A friend has given you a special gift, a box of mass 10.0 kg with a mystery surprise inside. The box is resting on the smooth (frictionless) horizontal surface of a table.

(a) Determine the weight of the box and the normal force exerted on it by the table.

(b) Now your friend pushes down on the box with a force of 40.0 N , as in fig (b) .
Again determine the normal force exerted on the box by the table.

(c) If your friend pulls upward on the box with a force of 40.0 N (fig. (c)), what now is the normal force exerted on the box by the table.

Approach : The box is at rest on the table, so the net force on the box in each case is zero. (Newton's Second Law).
The weight of the box equals mg in all three cases.

Solution:

(a) The weight of the box is mg = (10.0 kg) (8.80 m/s^2) = 98.0 N

This force acts downward.

The normal force exerted upward on it by the table. Fig.(a)

The upward direction as the positive y direction;

The net force along y direction on the box = F (y) = F (N) - mg .

The box is at rest, so the net force on it = 0.

F(y) = F (N) - mg = 0

F (N) = mg

The normal force on the box, exerted by the table , is 98.0 N upward. It has magnitude equal to the box's weight.


(b) Your friend is pushing down on the box with a force of 40.0 N .

Now there are three forces acting on th ebox. Fig. (b)

The weight of the box = mg = 98.0 N

The net force = F (y) = F (N) - mg - 40.0 N = 0 ( a = 0)

For Normal Force ,

F(N) = mg + 40.0 N = 98.0 N + 40.0 N = 138.0 N


(c) The box's weight is still 98.0 N and acts downward.

The force exerted by your friend and the normal force
both act upward ( positive direction). Fig. (c)

The box does not move, since your friend's upward force is less than the weight.
The net force = 0 (a =0)

F (y) = F (N) - mg + 40.0 N = 0

F (N) = mg - 40.0 N = 98.0 N - 40.0 N = 58.0 N.

The table does not push against the full weight of the box because of the upeard pull exerted by your friend.

Free-Body Diagrams

1. A girl is suspended motionless from a bar which hangs from the ceiling by two ropes.









2. An egg is free-falling from a nest in a tree. Neglect air resistance.



3. A flying squirrel is gliding (no wing flaps) from a tree to the ground at constant velocity. Consider air resistance.







4. A rightward force is applied to a book in order to move it across a desk with a rightward acceleration. Consider frictional forces. Neglect air resistance.







5. A rightward force is applied to a book in order to move it across a desk at constant velocity. Consider frictional forces. Neglect air resistance.







6. A college student rests a backpack upon his shoulder. The pack is suspended motionless by one strap from one shoulder.







7. A skydiver is descending with a constant velocity. Consider air resistance.

8. A force is applied to the right to drag a sled across loosely-packed snow with a rightward acceleration.

9. A football is moving upwards towards its peak after having been booted by the punter. Neglect air resistance.

10. A car is coasting to the right and slowing down.

Normal Force

From Newton's Second Law,

the net force on an object that remains at rest is zero.

There must be another force on the object to balance the gravitational force.

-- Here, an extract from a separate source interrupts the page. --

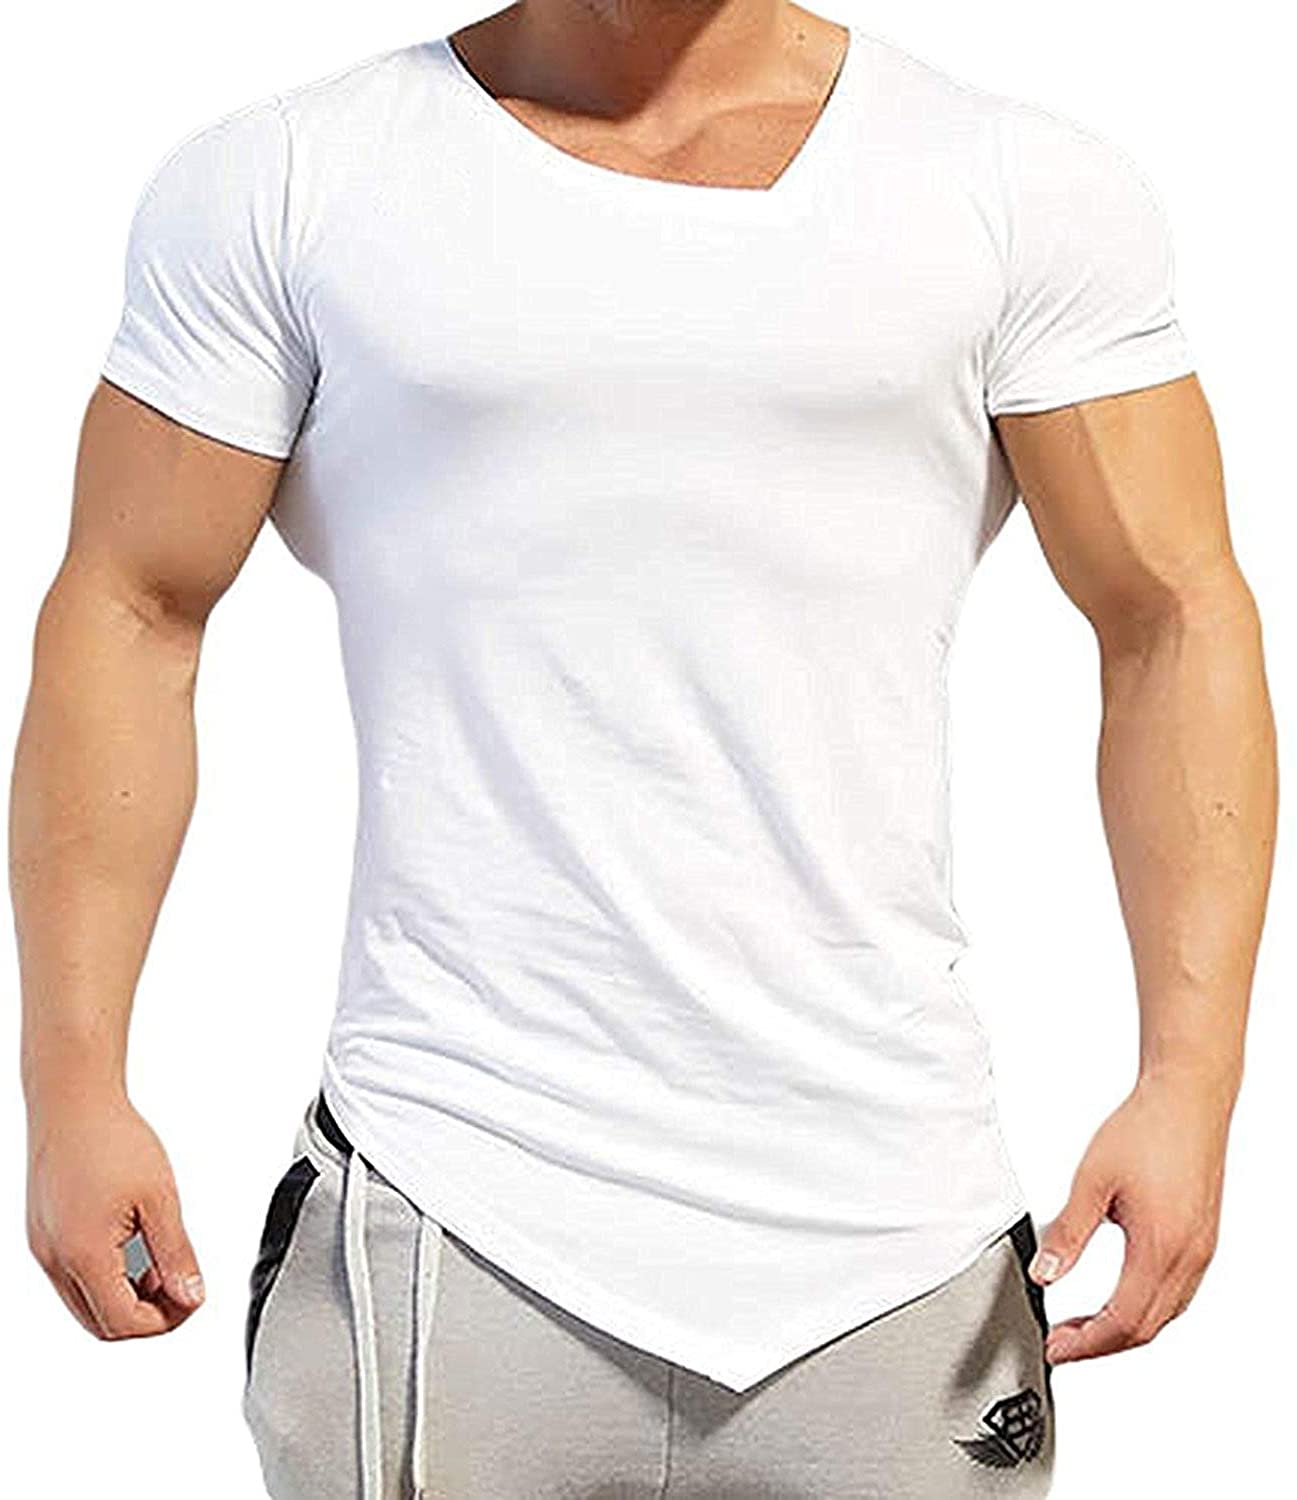 COOFANDY Mens Gym Workout T Shirt Short Sleeve Muscle Cut Bodybuilding Training Fitness Tee Tops

For an object is resting on a table,

the table exerts this upward force.

The table is compressed slightly beneath the object, and due to its elasticity, it pushes up on the object .

The force exerted by the table is often called a contact force, since it occurs when two objects are in contact.

When a contact force acts perpendicular to the common surface of contact, it is referred to as the normal force .

A book is at rest on a table top.

F (G) and F( N) must be equal magnitude and in opposite directions.

Weight-the force of Gravity

All objects accelerate towards the earth.
Thus the earth exerts a force on these objects - this is called the force of gravity.

From Newton's Second Law,
an object of mass m falling due to gravity;
for the acceleration, a, we use the downward acceleration due to gravity, g.
The gravitational force on an object, F(G) = F = mg

The direction of this force is down toward the centre of the Earth.

The magnitude of the force of gravity on an object is called the object's weight.

In SI units, g= 9.8 m/s^2 = 9.80 N/kg.